Но зато теперь! Если сказать, что Лестужев возродился для давней музыки, то этого мало: нынешний возраст уступил иному состоянию души, в каком и пребывал, наверное, всегда друг Милмой — этот дока в маске студента. И если сказать, что Лестужев был счастлив, то этого тоже мало: счастье — довольно расхожая монета, а тут было золото самой высокой пробы…
Да, как надо благодарить нынешний день, когда появился наконец и Милмой в Москве!
Но разве позволено, думал под музыку Лестужев, разве позволено мне просто держать руку на плече Милмоя, просто дарить ему Москву, которая за два десятилетия так изменилась своей многобашенной периферией, и просто ехать к рабам семейной галеры — Митько и Беренщиковой? Все было бы прекрасно, если бы просто катили туда, где можно хлебнуть гостьевого вина, а затем вернуться с Милмоем в дом на Измайловском шоссе, неподалеку от станции метро «Семеновская», в тот дом, где жил и где уже не жил Лестужев. Вся особенность этой поездки с Милмоем, казалось, в том и состояла, чтоб подольше катить и под музыку аккордеониста Милмоя решать, у кого из бывших однокурсников задержаться на ночь, а там и на тот срок, который и нужен Милмою для всех его поклонов Москве. Лестужев сам вторую ночь искал ночлега по Москве: если бы он вернулся домой, жена обняла бы его, а он не хотел ее поцелуев, потому что то, что произошло у жены на юге два года назад и что он ей простил как будто, — вдруг стало причинять столь нестерпимые муки и такую боль, которая может быть лишь у людей, готовых на самоубийство, если женщина разлюбит. Так или почти так и бывало у героев, знакомых по классической литературе, а Лестужев выбросился из окна своей квартиры своеобразно: в портфель смахнул те принадлежности, что ранее сверкали на его стеклянной полочке в ванной, и объяснил не жене, а скорее всего связке ключей, которую держал за безупречное колечко и на которую смотрел прощальным взглядом, — объяснил, что уходит на частную квартиру, и швырнул ключное братство на кухонный стол так небрежно, что союз ключей тут же проскользил по глади полированного стола и, минуя подоконник, улетел в пропасть. Лестужев в тот момент испытал чувство, будто он сам выбросился из окна кухни, отсчитав четырнадцать этажей.

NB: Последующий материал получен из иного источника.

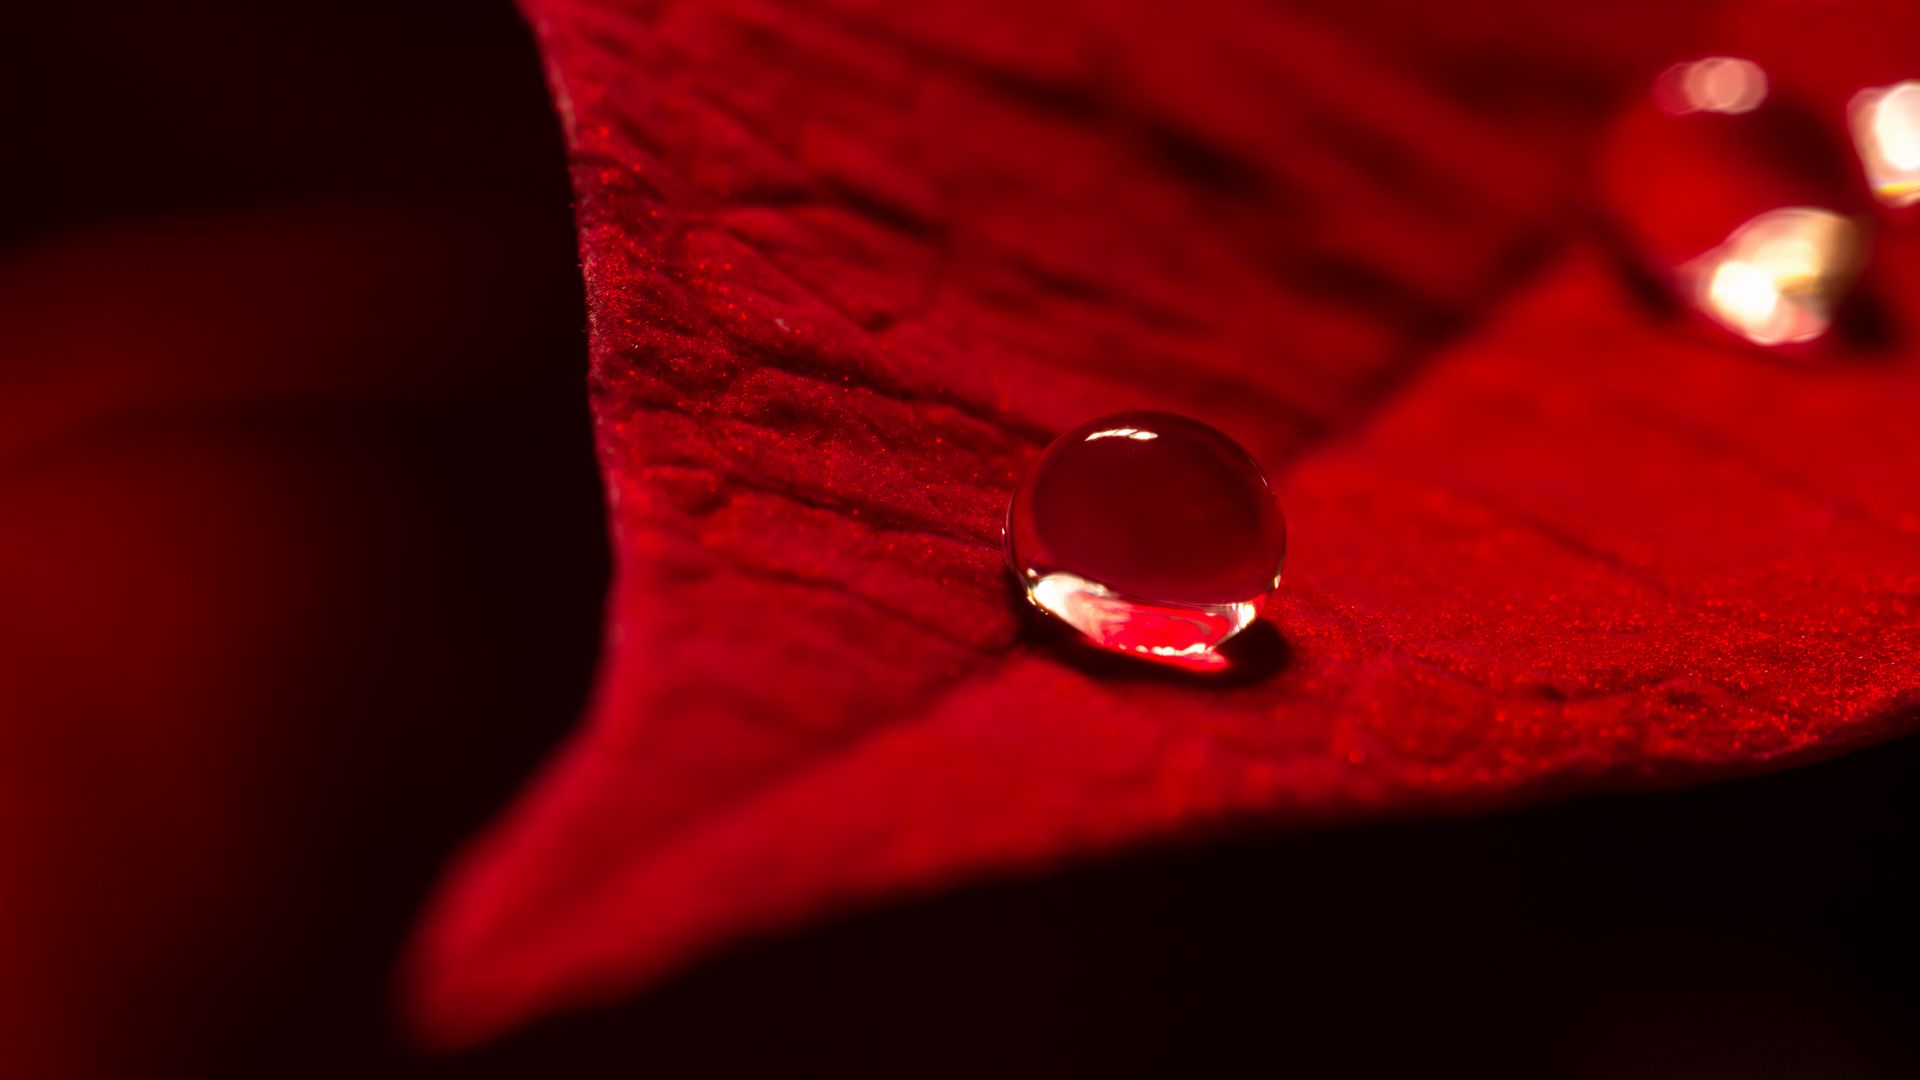 Download wallpaper 1920x1080 drop, water, leaf, macro, red full hd, hdtv,  fhd, 1080p hd background

И вот в такое время и нагрянул Милмой. Комизмом или ужасом считай, что негде приютить Милмоя, перед которым лето захлопнуло все номера гостиниц, и что приходится везти его к тем, кого недолюбливаешь и кого не рад встречать в Москве. Да, в молодости не очень разглядишь даже тех, с кем слушал одну и ту же музыку, а зрелые лета подарят совсем иной взгляд: душа твоя уж в сговоре с опытом.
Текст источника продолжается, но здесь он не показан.